As a member of a product team: Save time by automated documentation, get fast access to information & people by a well-maintained knowledge base.
As a product leader: Get a big picture of Teams & Technologies in your organization, help teams to streamline governance & foster knowledge exchange
As an enterprise architect: Automate the intake of self-developed software to boost governance (e.g. am I allowed to use a Cloud Service in this region) & technology standardization use cases.
As an engineering leader: Facilitate new team members onboarding by providing them with a centralized knowledge base while promoting reusability of existing software components.
In a diverse, fast changing landscape of services, be they microfrontends, microservices or different setups clear and easy to access transparency is key to control complex, understand dependencies and take action where needed. With the VSM Service Catalog the necessary level of documentation is automated through integration with tools already widely used in engineering - from code repos over CICD pipelines to various engineering management tools - to minimize documentation overhead and ensure information is reliably up to date.
A baseline of services:
LeanIX VSM brings the different services and technologies teams develop into an easy to access catalog - allowing access to an unlimited number of users for convenient knowledge sharing as well as links to jump-off points with further, more technical information (navigating into the relevant repo for example).
This catalog can be extended with responsibility allocation, clearly defining not only what is available and being worked on but by whom and what their roles are - key in a large, diversified organisation to quickly identify stakeholders and experts for questions and projects.

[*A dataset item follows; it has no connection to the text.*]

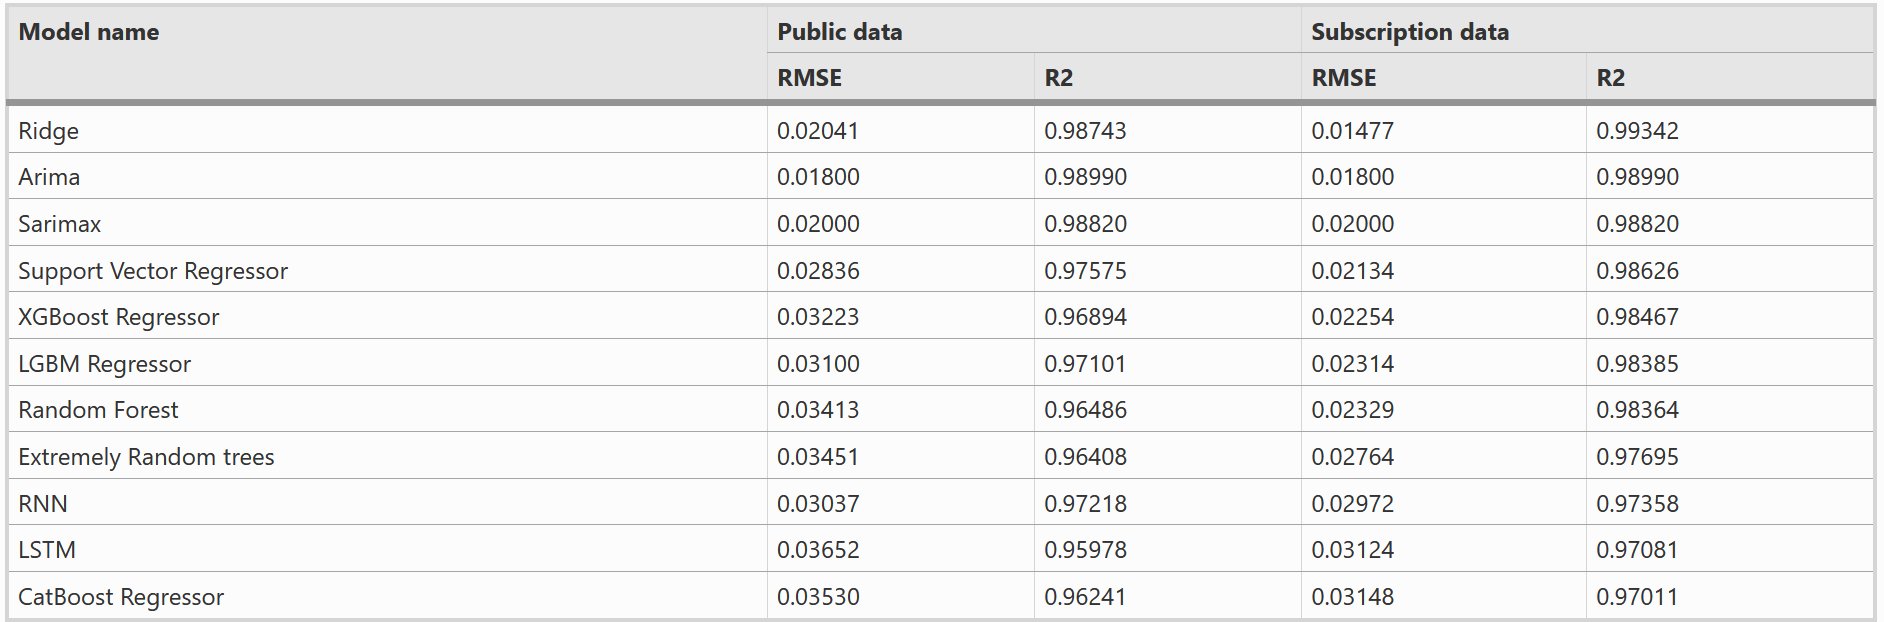 Table 2: Comparison of model performances using public and subscription data

The information on teams can be further expanded upon in our Engineering Efficiency case, which adds metrics on performance and efficency.
In terms of discovering vulnerabilities and ensuring compliance, it is not unusual for some organizations who internally develop their own software to face challenging situations such as the following:
A vulnerability in a library ubiquitously used across your microservices (e.g. Log4j) exposes your organization to attackers who could easily break into your systems to steal data and execute arbitrary code. Whether a specific component relies on the affected library is tribal knowledge, but there's a high chance that some of your systems handling personal and financial data rely on this library.
When building software, it is fairly common for your developers to use open source components and libraries. Despite their efforts to ensure compliance, your legal/technical teams have a hard time to keep up with the complexity of your environment and the speed at which it evolves. For example, a recent terms and conditions change in one of the open source licenses used by your teams (e.g. Elasticsearch and Kibana change from Apache v2 license to SSPL in 2021) may put your organization at risk of being forced to release its intellectual property to everyone.
One of your security scanning tools sends an alert about a DoS attack affecting a package (e.g. a XML parser) used across various of your projects. The tool's security report provides you with extensive details about the attack, its severity and list of affected projects. The information you have at hand is however only one piece of the whole puzzle to execute a mitigation plan and track its progress.
To tackle these challenge the catalog can be further extended to capture the dependencies of the technology you built - making insights into queries such as where certain libraries or licenses are used easily available.
LeanIX VSM then links software, dependencies and teams to enable engineers and architects to automate and streamline governance, and to identify and mitigate security vulnerabilities. This transparency created by VSM allows organizations to:
- Provide guidance on governance and compliance by setting standards and identifying services and vulnerabilities that do not meet defined requirements.
- Query the VSM inventory and find out which services are affected by a security vulnerability, their dependencies on other services, and which teams are responsible for them.
To give engineers and developers quick and straightforward access to information around all the different APIs available in their organization the current best practice is to provide an API Catalog / Portfolio – all the relevant info on APIs, their functionality, availability status, owners, etc. and only that information free from further clutter – to speed up and ease development work by cutting down on time spend searching for documentation. VSM provides this in the form of one or more freely configurable API Catalogs, displaying the relevant API details, filter- and searchable, with baseline information and jump-off points to deeper sources:
To give both engineers and management an easy way to understand the API landscape they are working in or supervising simple and clear visualizations are essentially – at a glance they should allow you to easily understand dependencies, data flows and performance indicators without the need to crawl individual documentation.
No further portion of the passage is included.